As you can tell LessNux we are very concerned with the security implications of using eval against user entered data. There are a few limited situations where using eval could be OK but in general it's pretty unsafe.

If you really need to do wildcard filename expansion/matching on userdata perhaps something in perl eg:

#!/usr/bin/perl
use strict;
use warnings;
my @files = glob("Winter\\ View.txt \"Summer View.txt\" scene*");
foreach my $file (@files) {
        print "Filename: $file\n";
}
exit 0;
1 Like

My BASH script was supposed to call a command that takes file names (or pathnames).
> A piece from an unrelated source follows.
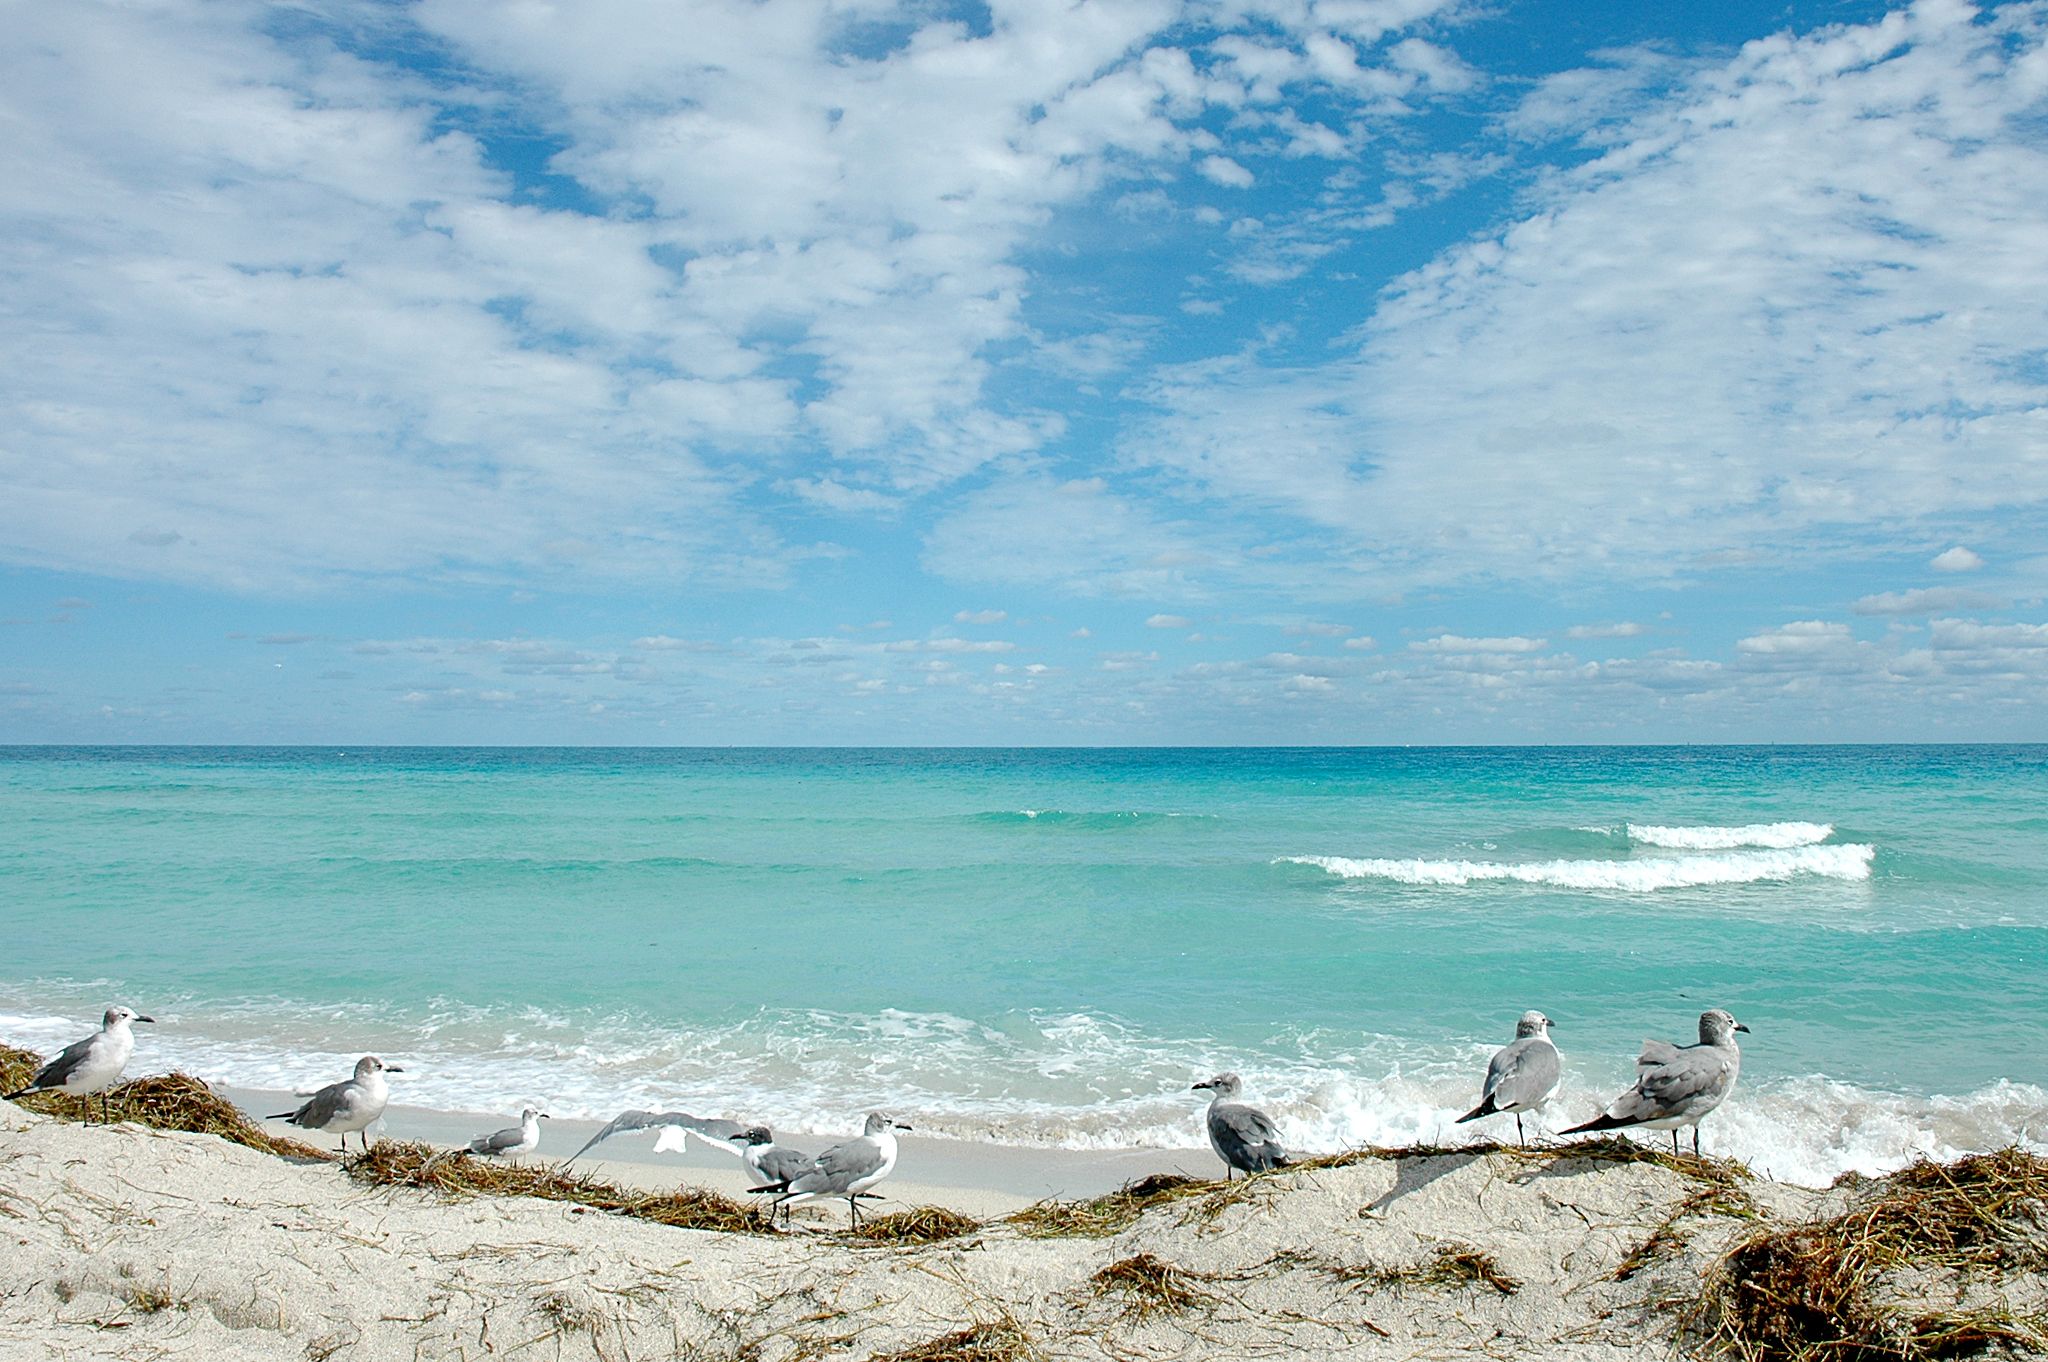 Florida beach photos
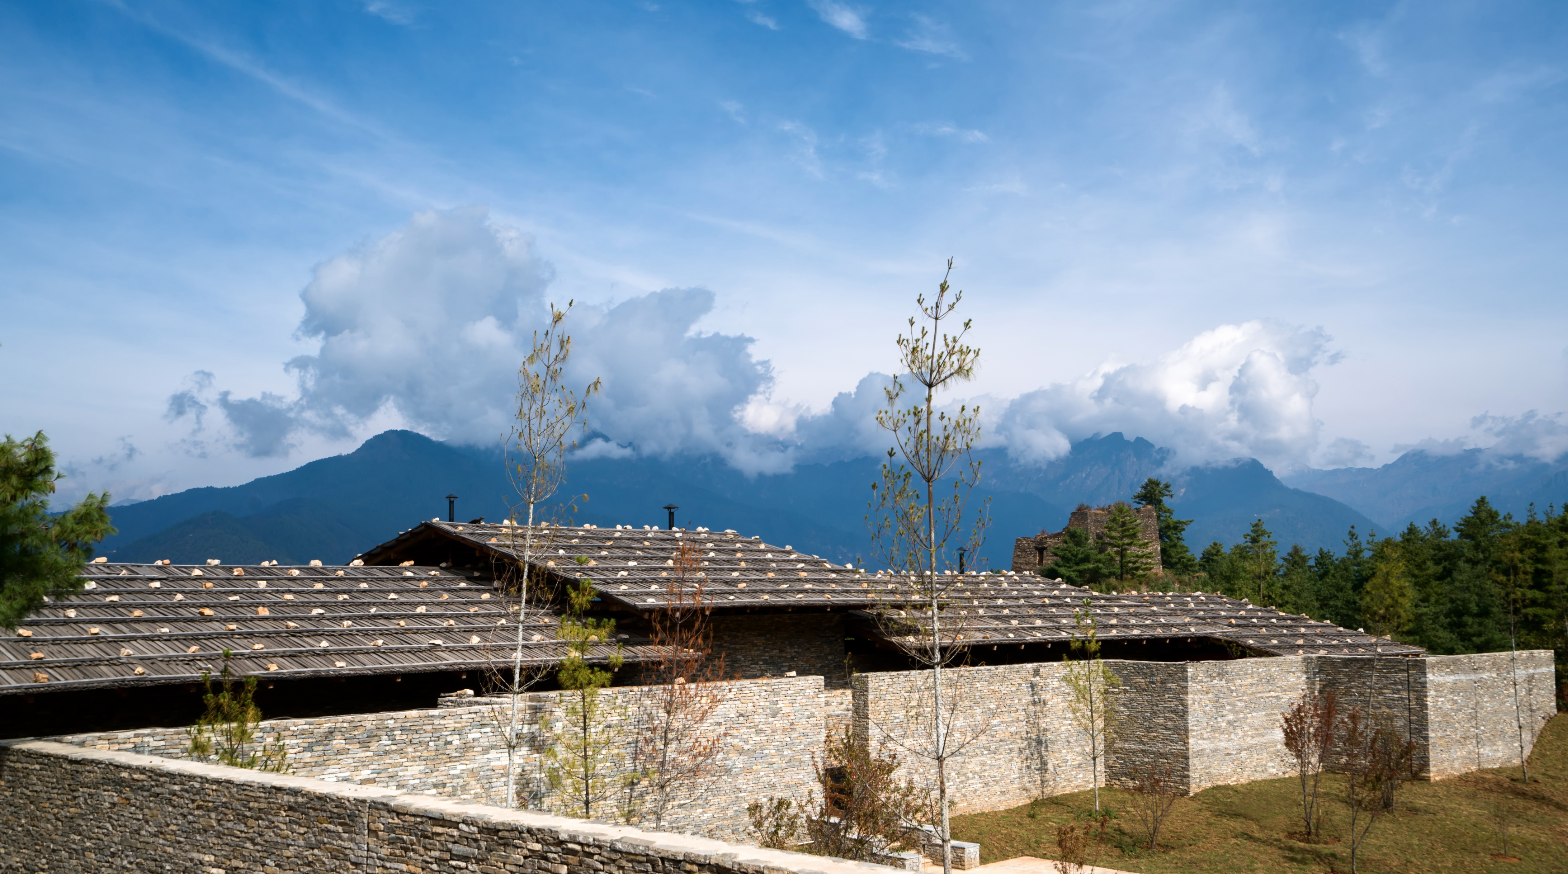 【環球酒店設計精選】讓你遠離繁囂 不丹最新度假酒店Six Senses Bhutan

Suppose that the name of the command is TweakFile, and that its syntax is
TweakFile FILE...

After the perl function glob() parsed and expanded file names, how can I pass it to TweakFile on BASH?

Many thanks, in advance.

---------- Post updated at 10:27 AM ---------- Previous update was at 10:19 AM ----------

Does xargs parse and expand file names without execution?

Many thanks, in advance.

As in, does it execute things in backticks?

No, it doesn't, it should be much safer than eval.